Since $f$ is bounded,
$$
|f| = \sum\limits_{n = -\infty}^{\infty}|A_n| < M\in\mathbb{R}
$$
because $|e^{in\theta}| = 1$.
Since $f$ is bounded, $|A_n|\to 0$ but $\sup_n|A_n|$ infinite.
Therefore, we have a contradiction and $\sup_n|A_n|$ must be finite.

For the moment I can't think of a way to prove this, but it is not true that,

\[|f(\theta)| = \sum\limits_{n = -\infty}^{\infty}|A_n|\]

It should be,

\[|f(\theta)|=\left|\sum_{n = -\infty}^{\infty}A_ne^{in\theta}\right|=\left|\lim_{m\rightarrow\infty}\sum_{n = -m}^{m}A_ne^{in\theta}\right|\]

Now by >>this<< theorem we can conclude,

\[|f(\theta)|=\lim_{m\rightarrow\infty}\left|\sum_{n = -m}^{m}A_ne^{in\theta}\right|\]

By the triangular inequality,

\[|f(\theta)|\leq\lim_{m\rightarrow\infty}\sum_{n = -m}^{m}\left|A_ne^{in\theta}\right|=\sum_{n = -\infty}^{\infty}\left|A_n\right|\]

Kind Regards,
Sudharaka.

 

[Dustinsfl]

Ha ha, sorry dwsmith, I seem to go nuts here trying to do a couple of things at once. :D
For the moment I can't think of a way to prove this, but it is not true that,

\[|f(\theta)| = \sum\limits_{n = -\infty}^{\infty}|A_n|\]

It should be,

\[|f(\theta)|=\left|\sum_{n = -\infty}^{\infty}A_ne^{in\theta}\right|=\left|\lim_{m\rightarrow\infty}\sum_{n = -m}^{m}A_ne^{in\theta}\right|\]

Now by >>this<< theorem we can conclude,

\[|f(\theta)|=\lim_{m\rightarrow\infty}\left|\sum_{n = -m}^{m}A_ne^{in\theta}\right|\]

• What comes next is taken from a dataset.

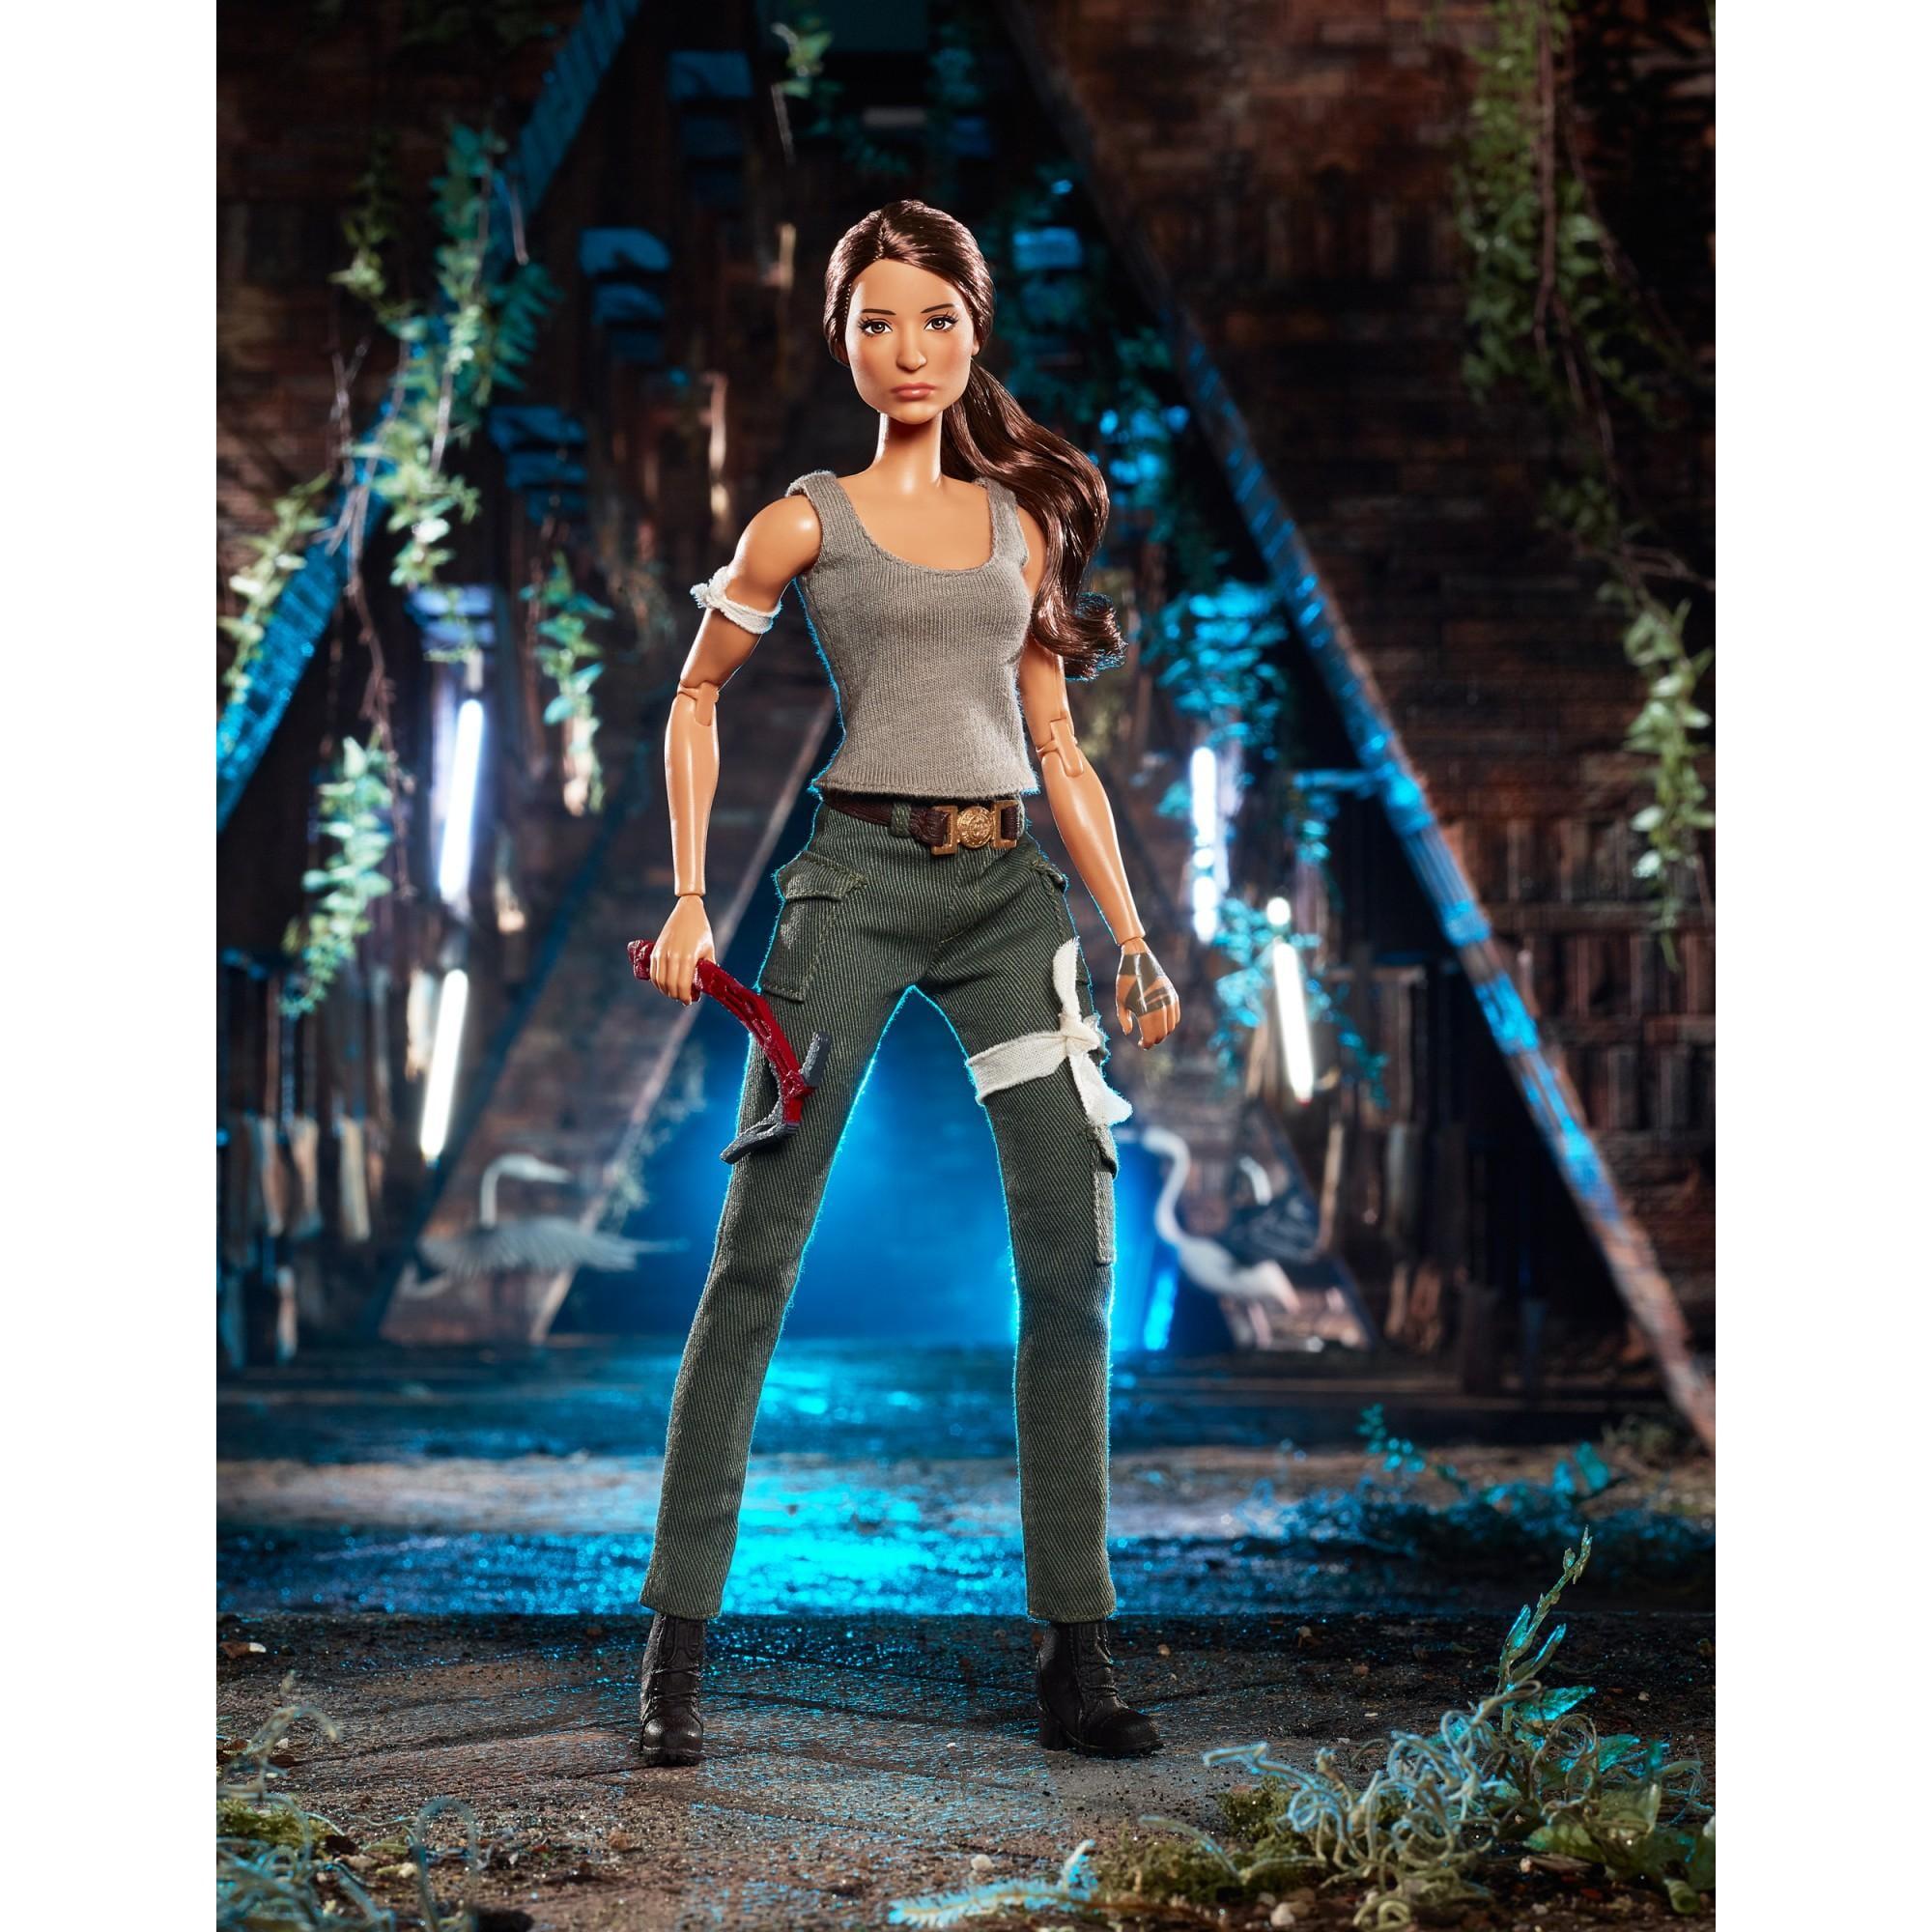 Barbie Tomb Raider Lara Croft Doll by Mattel

By the triangular inequality,

\[|f(\theta)|\leq\lim_{m\rightarrow\infty}\sum_{n = -m}^{m}\left|A_ne^{in\theta}\right|=\sum_{n = -\infty}^{\infty}\left|A_n\right|\]

Kind Regards,
Sudharaka.

$|e^{in\theta}| = 1$ so $\sum|A_ne^{in\theta}| = \sum|A_n|$
since $|z_1z_2| = |z_1||z_2|$.

 

[Sudharaka]

$|e^{in\theta}| = 1$ so $\sum|A_ne^{in\theta}| = \sum|A_n|$
since $|z_1z_2| = |z_1||z_2|$.

Yes that's correct. Hence,

\[|f(\theta)|\leq\sum_{n = -\infty}^{\infty}\left|A_n\right|\]

So to reiterate, you cannot write,

\[|f(\theta)|=\sum_{n = -\infty}^{\infty}\left|A_n\right|\]